Hourglass and the Time We Have In Our Lives

How the Hourglass Helps Me Think About the Past, the Future, and the Now

It takes around two minutes for the sand or liquid from the top chamber of a standard hourglass to completely drip to its bottom chamber. But the largest hourglass in the world, built in 1991, takes exactly 365 days to do the same.

Nina Sand Museum hourglass

The Nima Sand Museum Hourglass in Japan is 5.2-meter-tall and weighted at 560 kilograms with a diameter of 1 meter. It's filled with over 629 billion grains of singing sands with a total weight of a ton—almost twice as heavier as the hourglass itself.

The architecture team sifted the sand to ensure that each grain measured an average of 0.11 millimeters flows continuously through a nozzle measuring 0.84 millimeters in diameter. So that it precisely measures the duration of a year.

The hourglass first appeared in Europe in the eighth century. And has been commonly used as the instrument to measure intervals of time from the early fourteenth century to the fifteenth century. While we no longer use the hourglass as much as we used to nowadays, it's a great metaphor to help us think about the time we have in our lives.

The past and the future

Sometimes I want to hit the reverse button and change a few things from the past. And there are times when I want to fast forward and reveal my life months and years ahead from now.
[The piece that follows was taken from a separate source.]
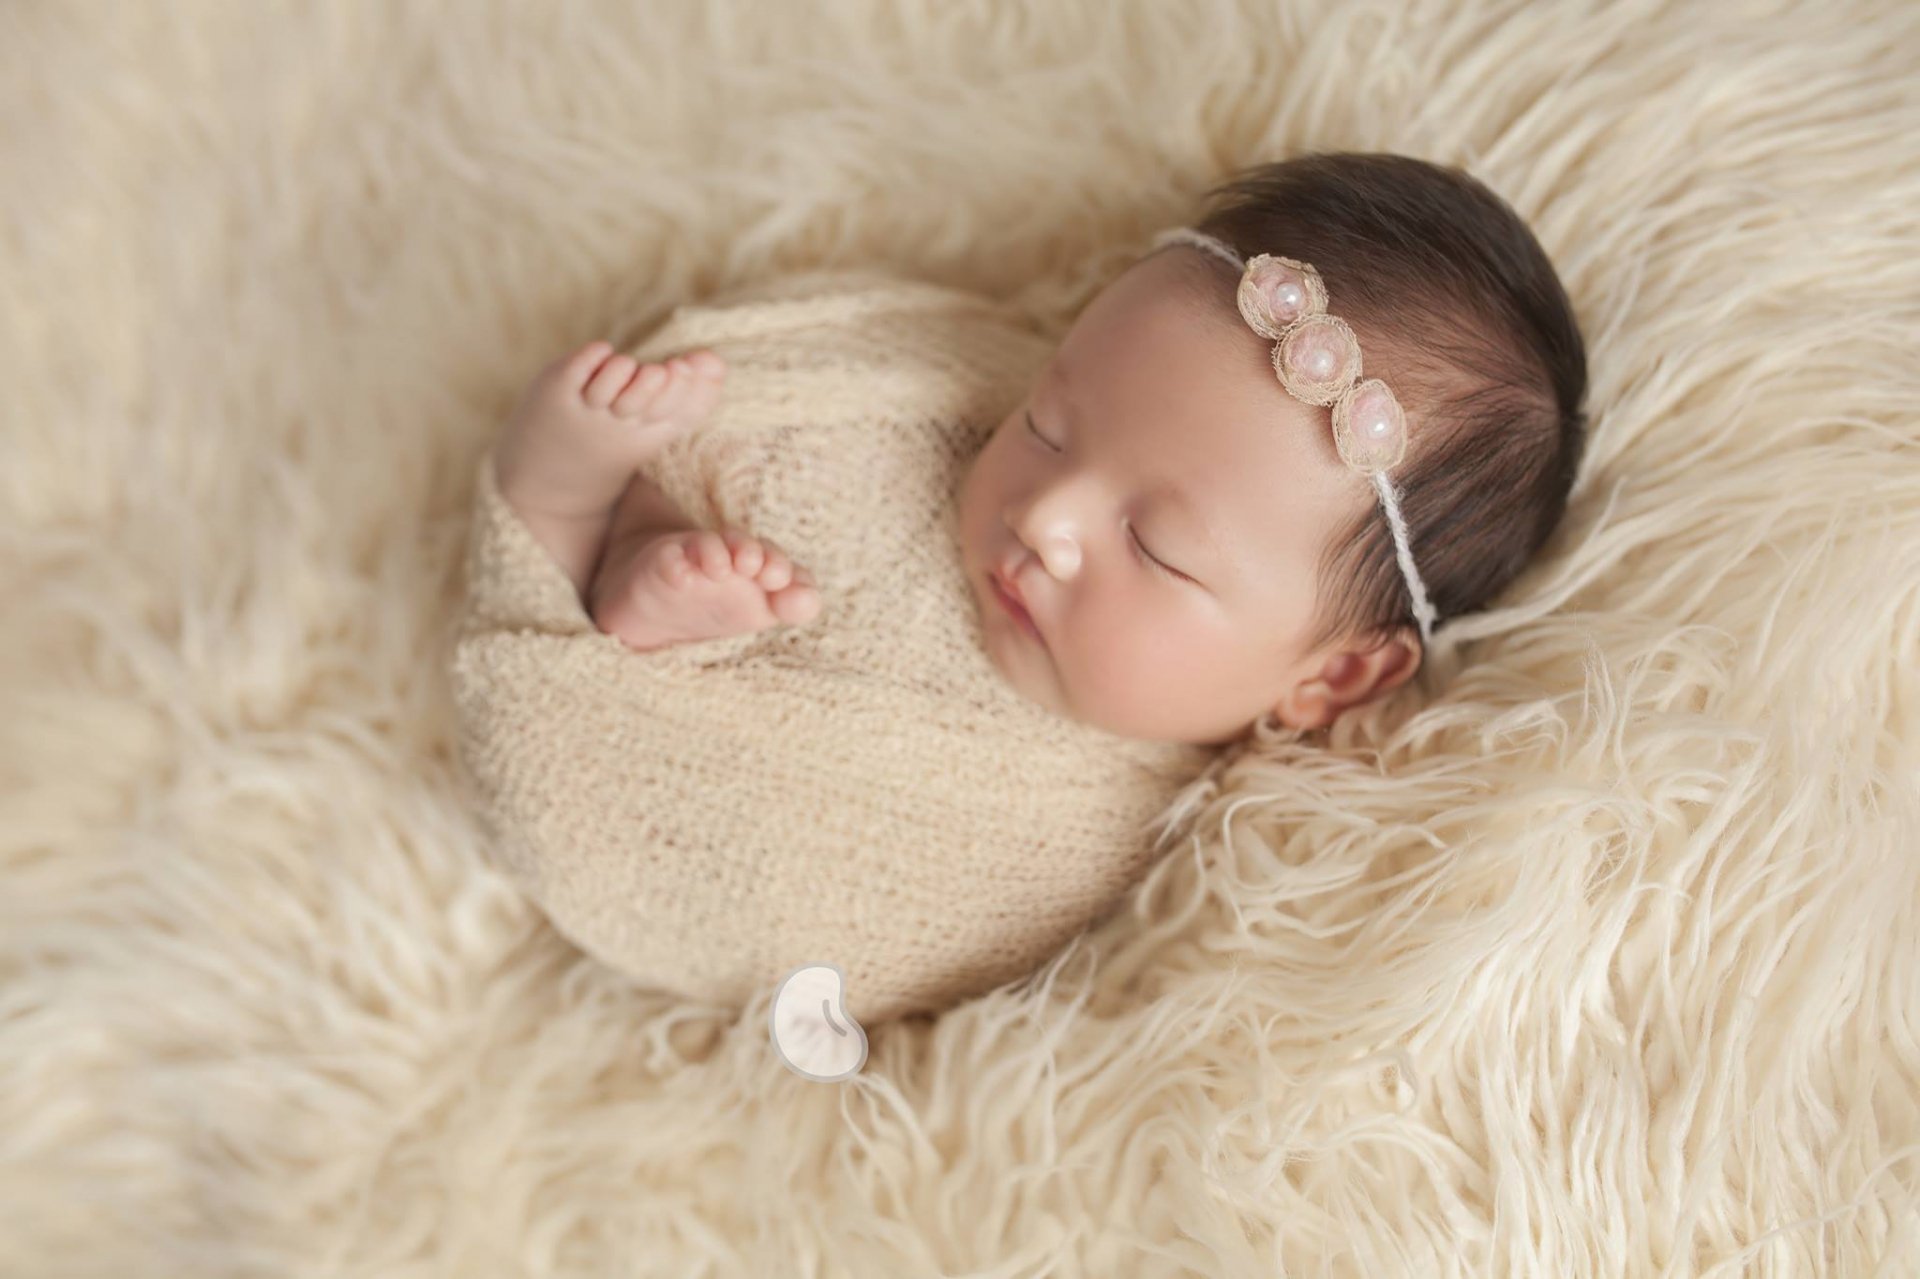 Em bé sơ sinh không chỉ đáng yêu, mà còn rất đẹp và dễ thương! Hãy thưởng thức những hình ảnh này và cảm nhận được sự tinh tế và ấm áp của nó.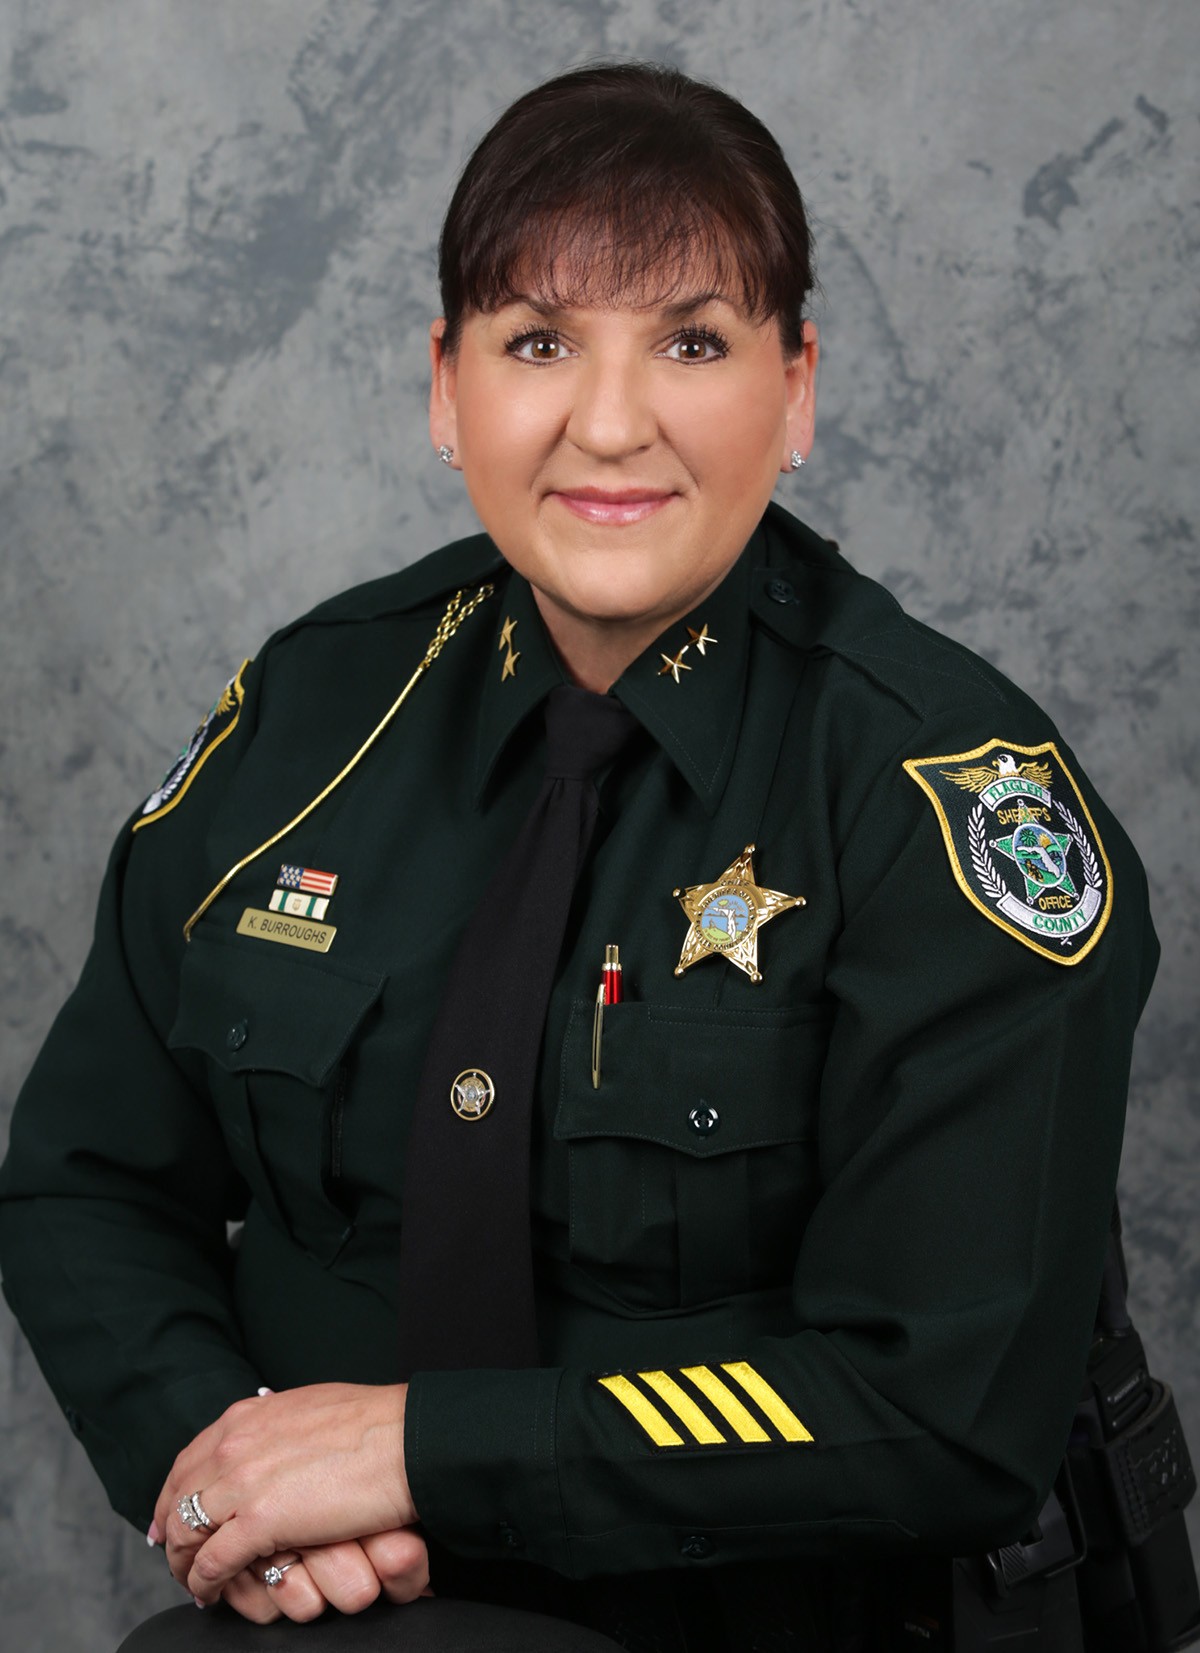 Portrait of Chief Kim Burroughs

If you ever feel the same, this simple mental exercise is for you.

Imagine an hourglass right in front of you. Sands drip from the top chamber to the bottom chamber. The top chamber is the future. The bottom chamber is the past.

Regardless of how much you want your past to be different, it's set in stone and will never change. And irrespective of how much you want the future to come sooner, it takes time and follows the course of nature. All you have is now, this exact moment.

Yesterday is history, tomorrow is a mystery, but today is a gift. That is why it is called the present.

Don't break the now

This realization makes today even more precious. And because of that, we tend to squeeze everything we want to have and get done into one single day. Before you do that, pull your mind back to the hourglass again.

Sands drip through the narrow neck from the top chamber to the bottom chamber. The top chamber is the future. The bottom chamber is the past. And the narrow neck where the grains of sand flow through is now. Each grain of sand flows through the narrow neck in its order. There's nothing you can do to squeeze more through the neck—unless you break the hourglass.

While we have some control over our lives today, there are limitations to how much we can do in a day. You get to do what you get to do now. Nothing more and nothing less. If you insist, you might clog up the flow or, worse, break yourself.